Why do we need downing in that case, how do we get the split cluster?

@SF Say you have the cluster with seed nodes 1 and 2 and standard nodes 3 and 4. If you down nodes 1 and 2, either node 3 or 4 will become the leader. At this point you have a working cluster with no seeds.

If you now start any node (seed or not), how can they find the entry point? They cannot because no seeds addresses can be connected to, so effectively you have a split cluster.

Any starts of seed nodes will start a new cluster.

@hmf I agree to your example, it is a different one though.

In my case there are only two nodes, both are seed nodes from which just one (the special one, node1) is restarted.
Why should the special seed node then start a new cluster?

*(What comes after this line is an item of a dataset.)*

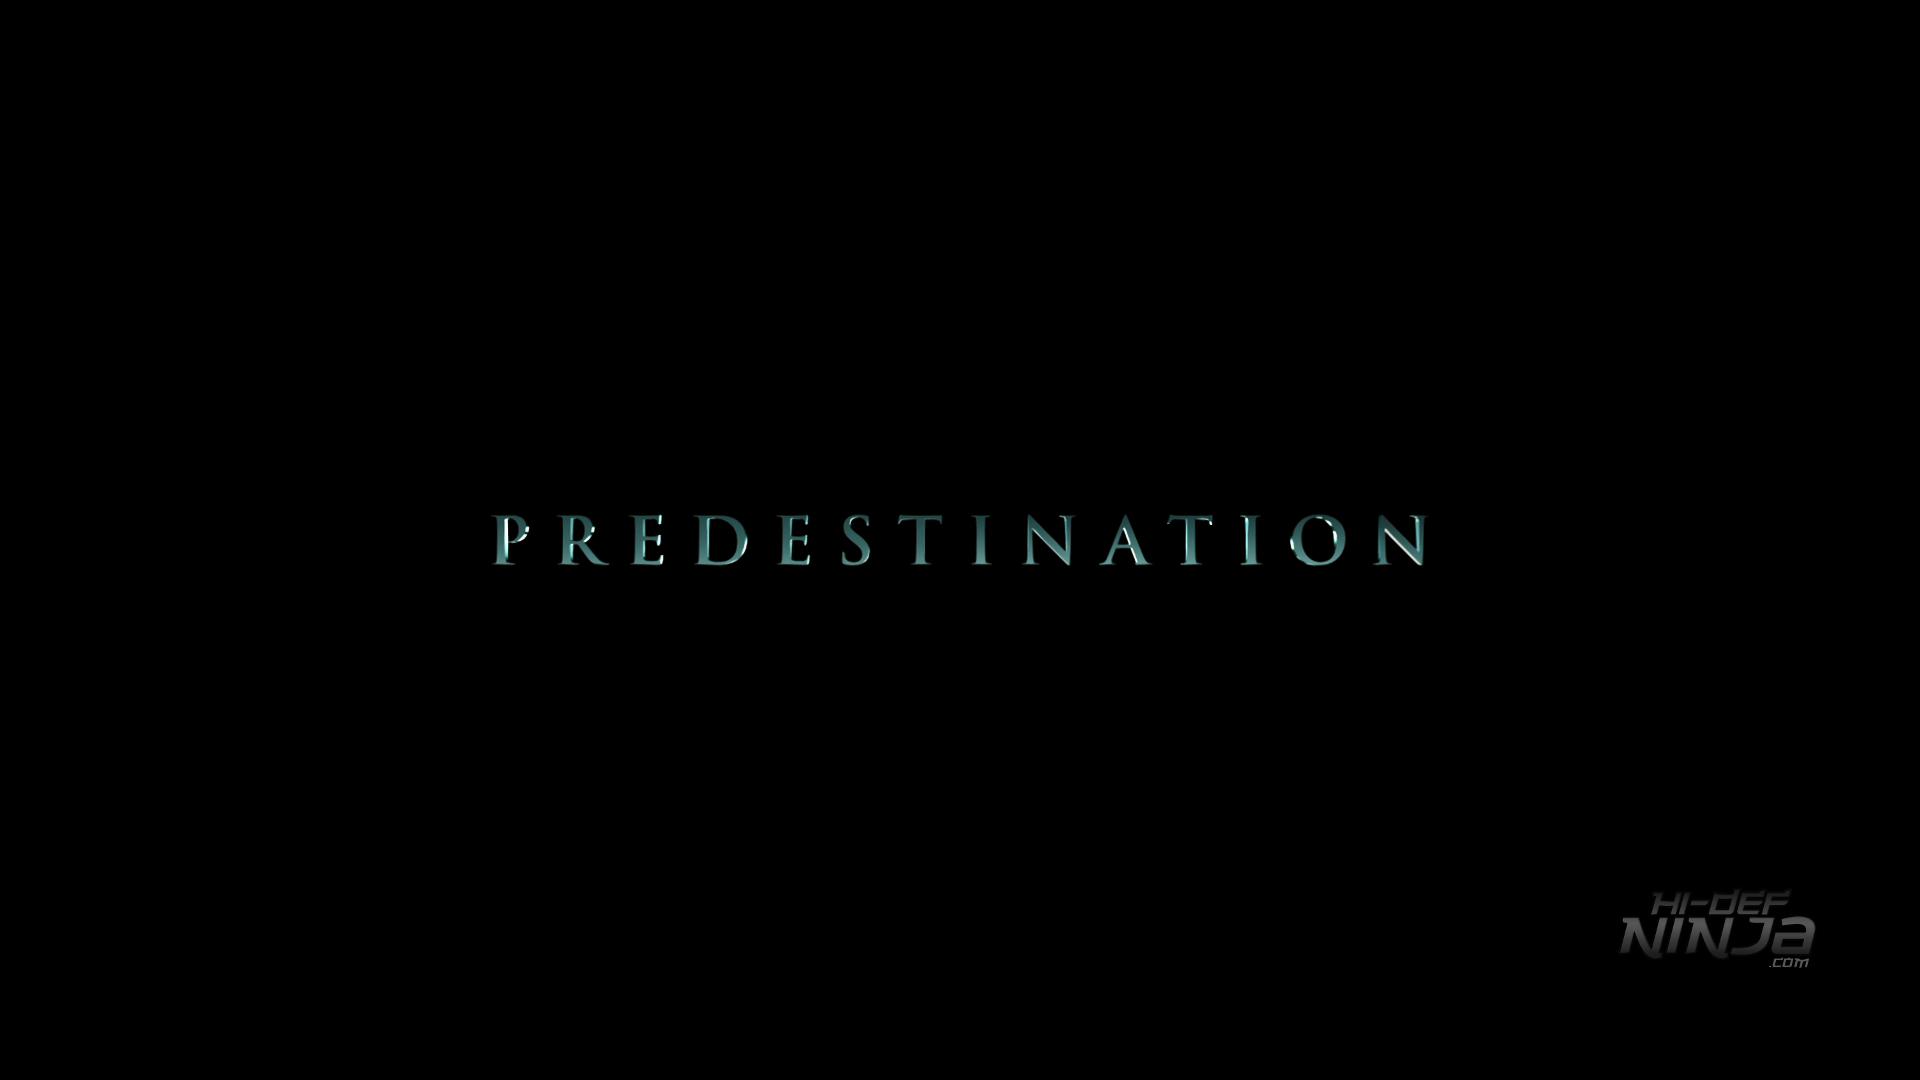 Predestination_HiDefNinja (1)

From the logs it can be seen that node1 “Couldn’t join other seed nodes” for an unknown reason. That’s the reason it starts its own new cluster but I don’t get why it cannot join the cluster through node2.

If there’s anything on that, I appreciate to know it.
Thankfully the problem is solved by applying SBR - thanks again @hmf for pointing to that!

I think node 1 should rejoin. I will have to test to confirm this.

From my point of view, node2 becomes the leader in the cluster as soon as node1 is unreachable.
Because node1 is unreachable, the leader cannot perform its duties (like accepting new nodes).
Thus the only possibility to get to a valid state is shutting down.
But I don’t get why SBR comes to that conclusion - it is not a split brain in my understanding thus it should not be the SBR who does the job.
In what sense is this a split brain problem?